One of the long-running questions in the administration of the Clean Air Act is the extent to which EPA can implement the Act through market-based mechanisms, such as cap-and-trade programs.  Yesterday, the Supreme Court affirmed EPA's authority to do so in the context of the Act's "good neighbor" provision governing interstate transport of air pollutants.  See EPA v.

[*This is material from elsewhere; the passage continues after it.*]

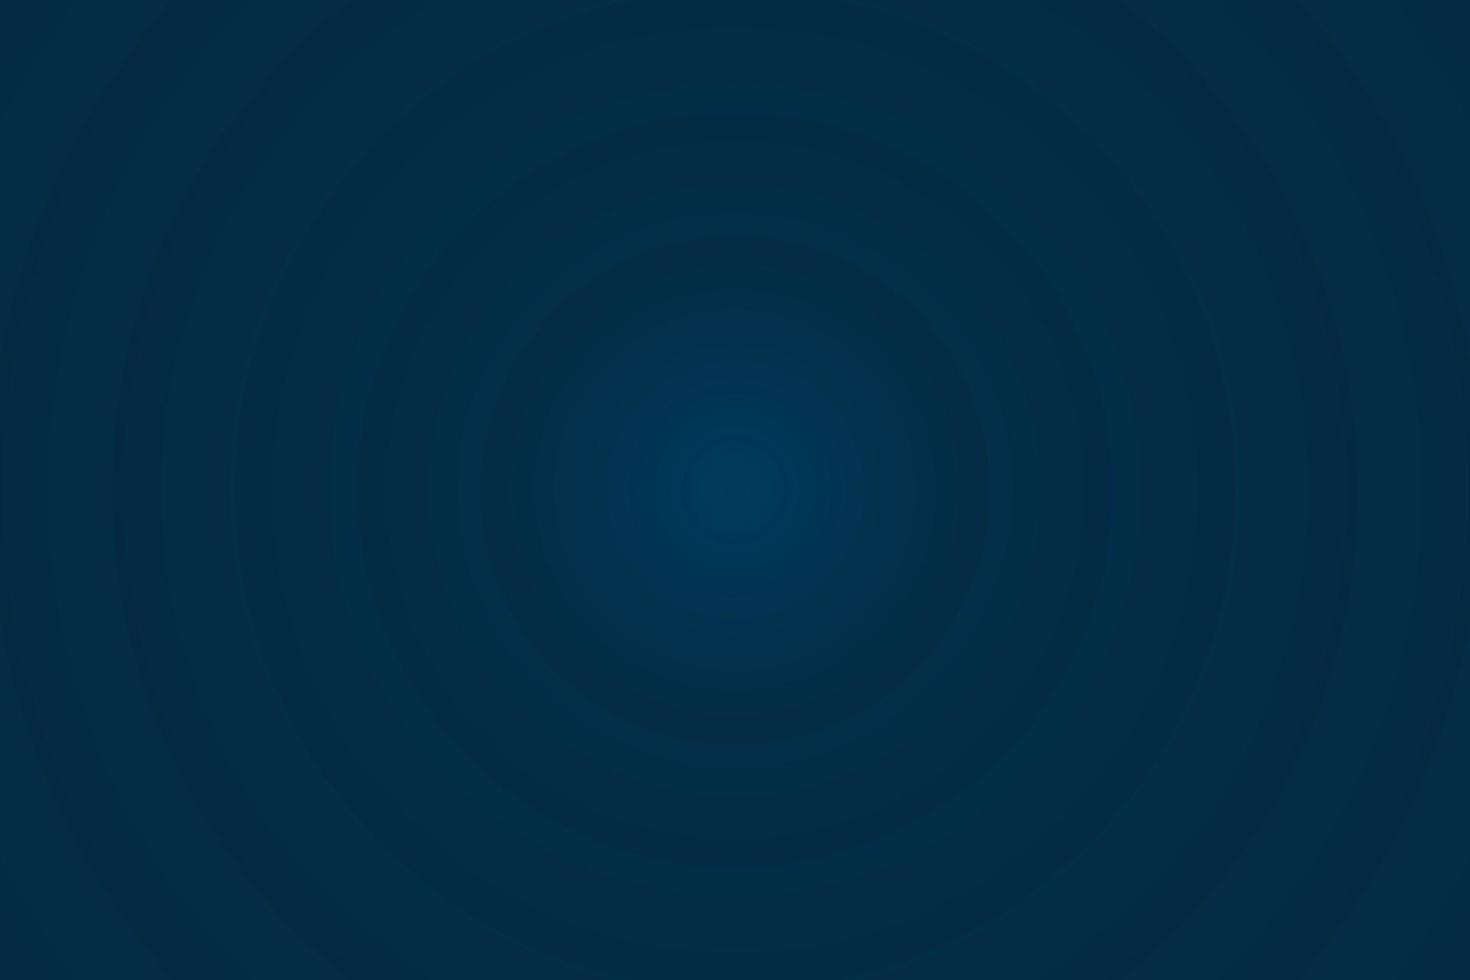 Blank dark blue circle shape abstract background, vector illustration

EME Homer City Generation (Apr. 29, 2014).  This decision will pave the way for EPA to begin implementing the Cross-State Air Pollution Rule ("CSAPR"), a cap-and-trade program limiting the emission of sulfur dioxide and nitrogen oxides in much of the United States.

In a 6-2 decision penned by Justice Ginsburg, the Supreme Court reversed the D.C. Circuit's 2012 decision vacating CSAPR.  Although the Court decided numerous specific questions regarding the Clean Air Act's administration, it reached two fundamental holdings.

First, although the Clean Air Act provides that states have the primary obligation for controlling air pollution that leaves their borders and enters other states, it is difficult for states to make those determinations without advance guidance from EPA.  CSAPR cut that process off at the pass by imposing a federal cap-and-trade plan on states that did not adduce in advance what emission reductions that EPA believed were necessary.  The D.C. Circuit held that this action violated the Clean Air Act's cooperative federalism framework.  The Supreme Court disagreed, finding that EPA's action was authorized by the text of the Clean Air Act even if it is difficult for states to fulfill their good neighbor obligations without advance guidance from EPA.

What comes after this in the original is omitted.